The results from these methods could be fed into the Apache bug database to see if the problem is caused by a well known issue.
Use pstack to prints a stack backtrace for the process id
pstack 42367
returns:
42367: bin/httpd -k start ff040628 accept (3, 11c560, 11c54c, 1) 0004c3c4 unixd_accept (ffbff904, 7d490, 11c3a0, 0, 2710, 0) + 10 0004a3c0 child_main (7d490, 74400, 4e2e, 74000, 0, 74000) + 2ec 0004a6c8 make_child (4a000, 0, 1, 5, 72c00, 74000) + ec 0004b0e8 ap_mpm_run (72c00, 74000, 74000, 74000, 74000, 74400) + 934 000272d8 main (7ef18, 71c00, 73800, 73800, 0, 0) + 710 00026618 _start (0, 0, 0, 0, 0, 0) + 5c
NOTE: This shows:
- accept: Apache was in the accept() system call when the error was received.

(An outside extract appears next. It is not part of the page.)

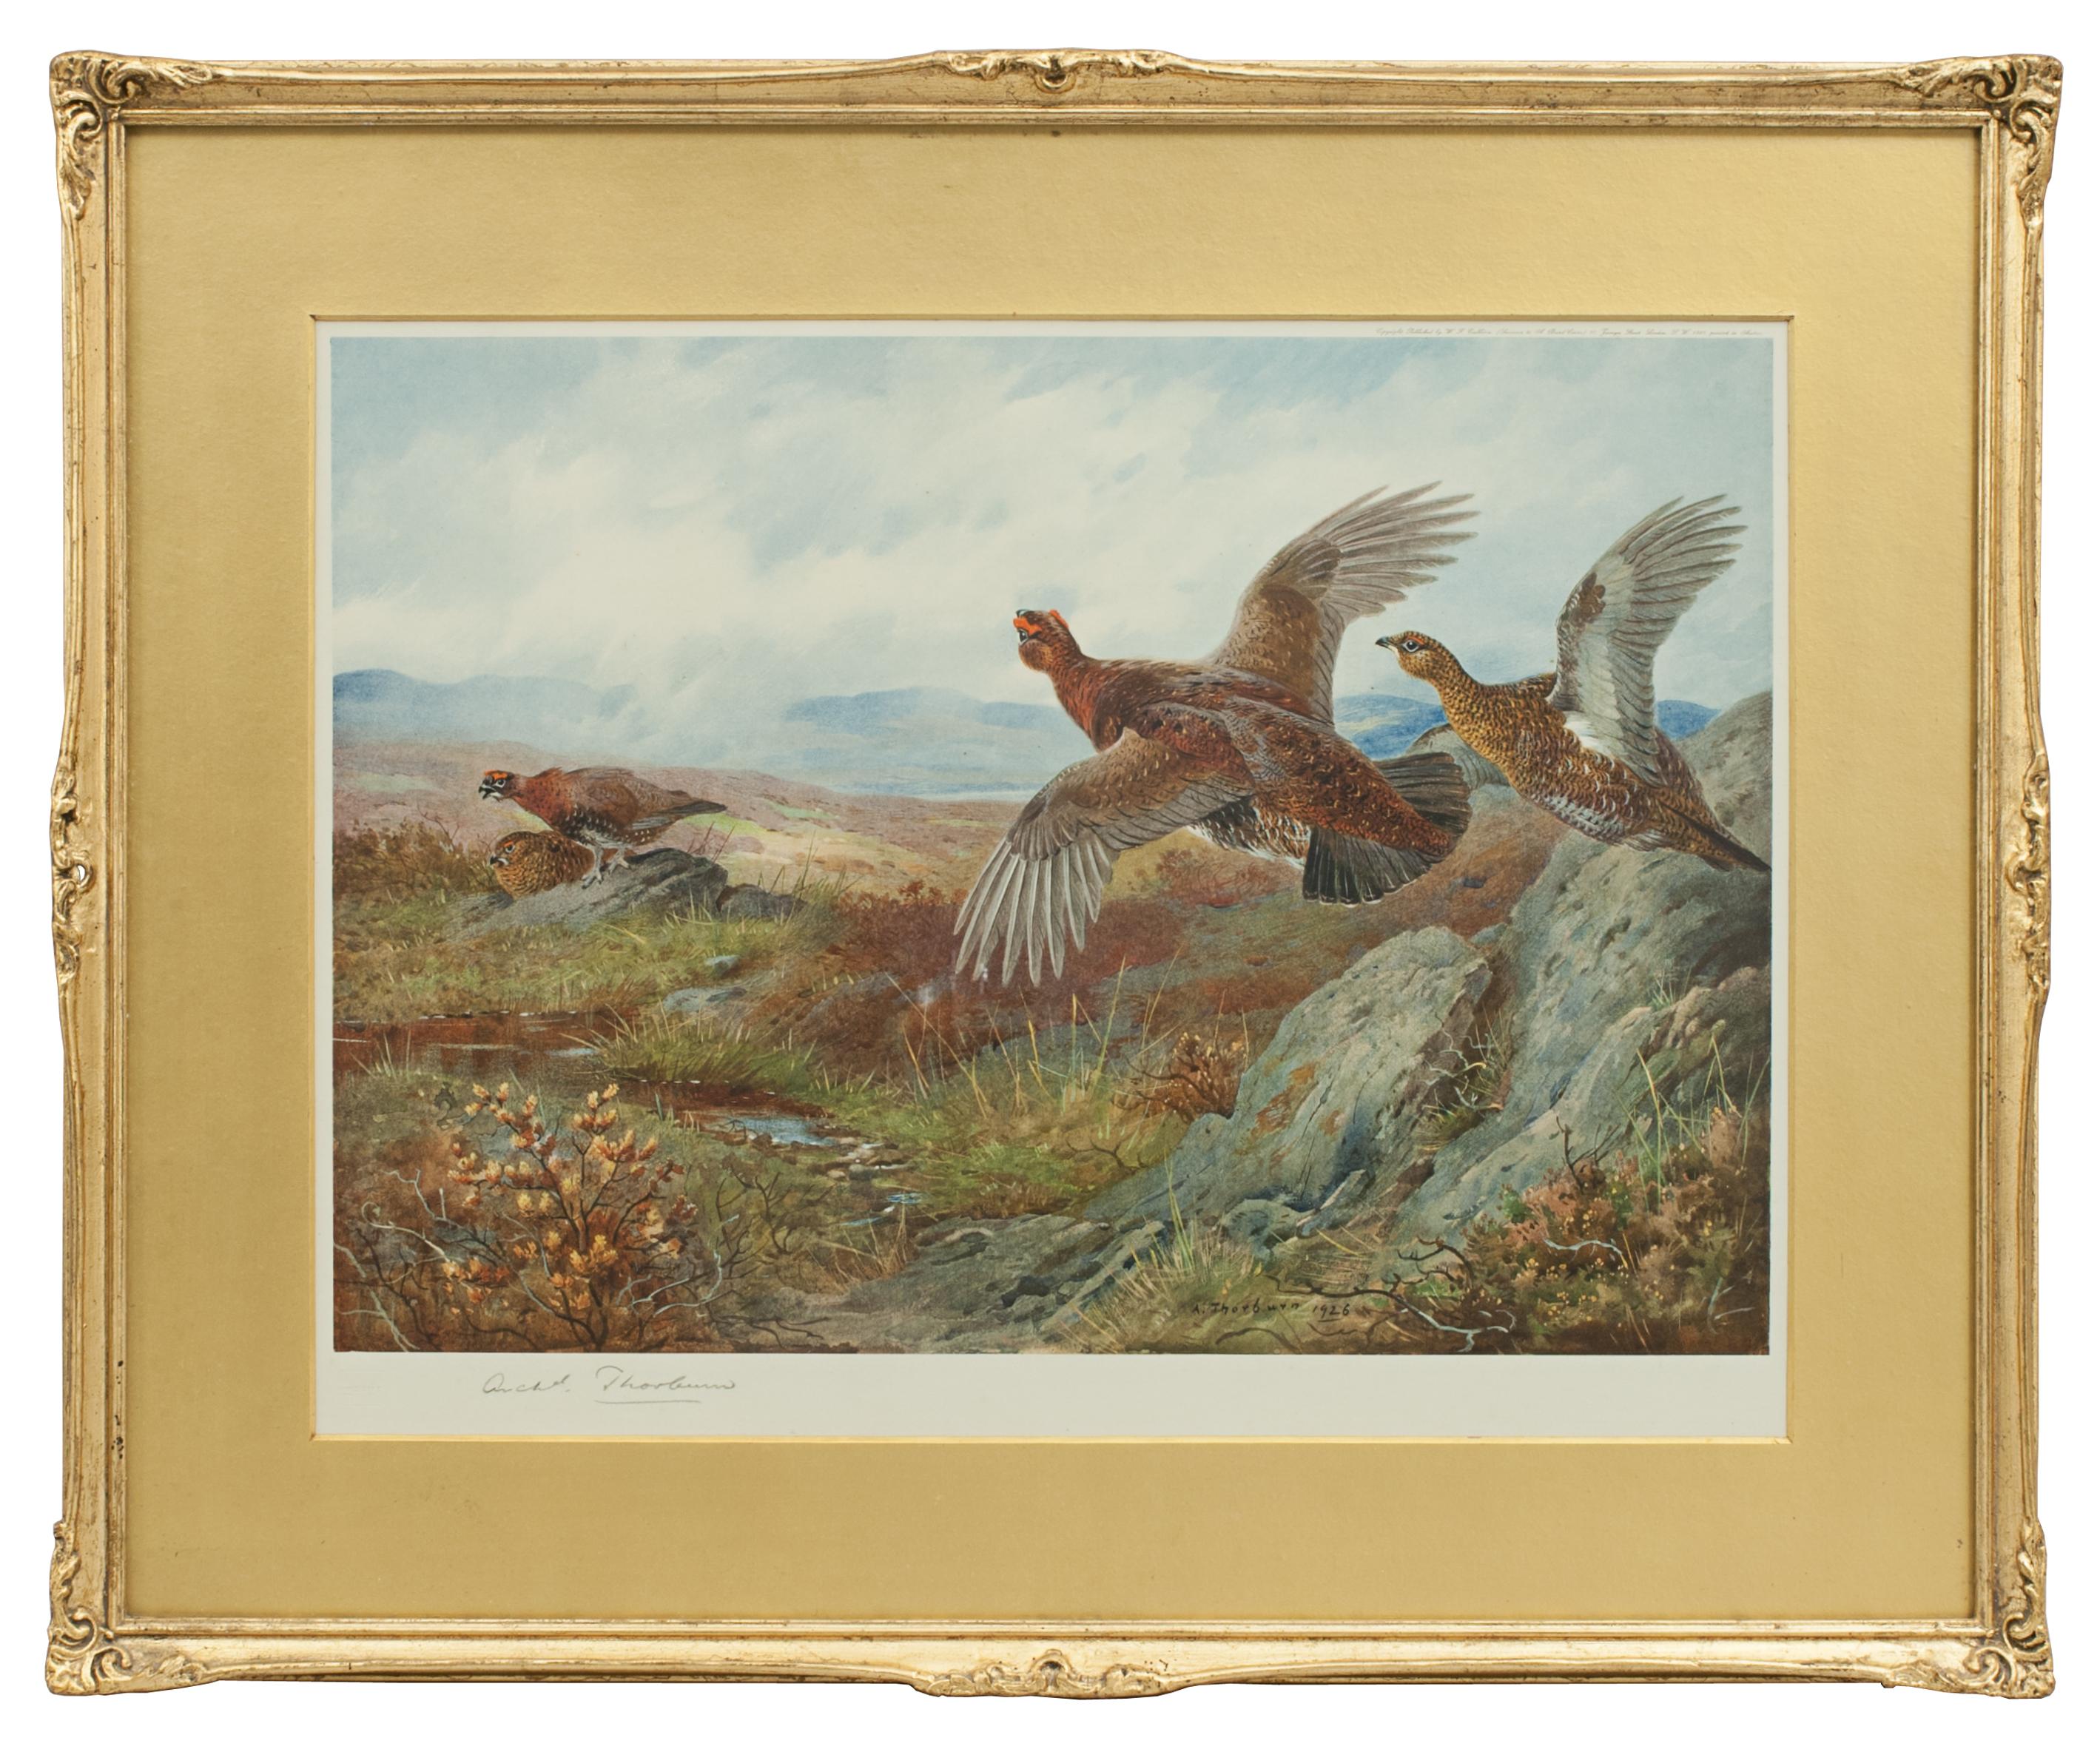 A game bird colotype print by Archibald Thorburn, titled 'Summer'. This is a single picture from a set of four called 'The Seasons'. Each season is represented by a bird, Partridge - Spring, Pheasant - Autumn, Grouse - Summer, Black Game - Winter.

Some systems do not have the pstack utility. In these cases try using the gdb and gcore utilities to get a stack backtrace from a process.
Attach directly to a process with gdb and retrieve a stack backtrace
The gdb utility can be run with the -p option and a process identifier.
The backtrace command can be run in the gdb shell:
gdb -q -p 3472
returns:
(gdb) backtrace #0 0x0046e7a2 in _dl_sysinfo_int80 () from /lib/ld-linux.so.2 #1 0x0063b681 in accept () from /lib/tls/libpthread.so.0 #2 0x00b14814 in apr_socket_accept (new=0xbff85740, sock=0x9671538, connection_context=0x97115d8) at network_io/unix/sockets.c:187 #3 0x080819ce in unixd_accept (accepted=0xbff85774, lr=0x9671518, ptrans=0x97115d8) at unixd.c:466 #4 0x0807fd2e in child_main (child_num_arg=Variable "child_num_arg" is not available.) at prefork.c:621 #5 0x0807ffc2 in make_child (s=Variable "s" is not available.) at prefork.c:736 #6 0x08080050 in startup_children (number_to_start=5) at prefork.c:754 #7 0x0808089b in ap_mpm_run (_pconf=0x96730a8, plog=0x96a1160, s=0x9674f48) at prefork.c:975 #8 0x08061b08 in main (argc=3, argv=0xbff85a84) at main.c:717
NOTE: This shows:
- accept (): Apache was in the accept() system call when the SIGSEGV signal was received.
- accept() was called by the portable runtime method apr_socket_accept().
Use gcore utility to force a hung process to dump its core
gcore 4932
Use gdb utility to retrieve a stack backtrace from the core file
gdb -q /usr/sbin/httpd core.4932
returns:
(gdb) backtrace #0 0x0046e7a2 in _dl_sysinfo_int80 () from /lib/ld-linux.so.2 #1 0x0063b681 in accept () from /lib/tls/libpthread.so.0 #2 0x00b14814 in apr_socket_accept (new=0xbff85740, sock=0x9671538, connection_context=0x97115d8) at network_io/unix/sockets.c:187 #3 0x080819ce in unixd_accept (accepted=0xbff85774, lr=0x9671518, ptrans=0x97115d8) at unixd.c:466 #4 0x0807fd2e in child_main (child_num_arg=Variable "child_num_arg" is not available.) at prefork.c:621 #5 0x0807ffc2 in make_child (s=Variable "s" is not available.) at prefork.c:736 #6 0x08080050 in startup_children (number_to_start=5) at prefork.c:754 #7 0x0808089b in ap_mpm_run (_pconf=0x96730a8, plog=0x96a1160, s=0x9674f48) at prefork.c:975 #8 0x08061b08 in main (argc=3, argv=0xbff85a84) at main.c:717
NOTE: This shows:
- accept (): Apache was in the accept() system call when the SIGSEGV signal was received.
- accept() was called by the portable runtime method apr_socket_accept().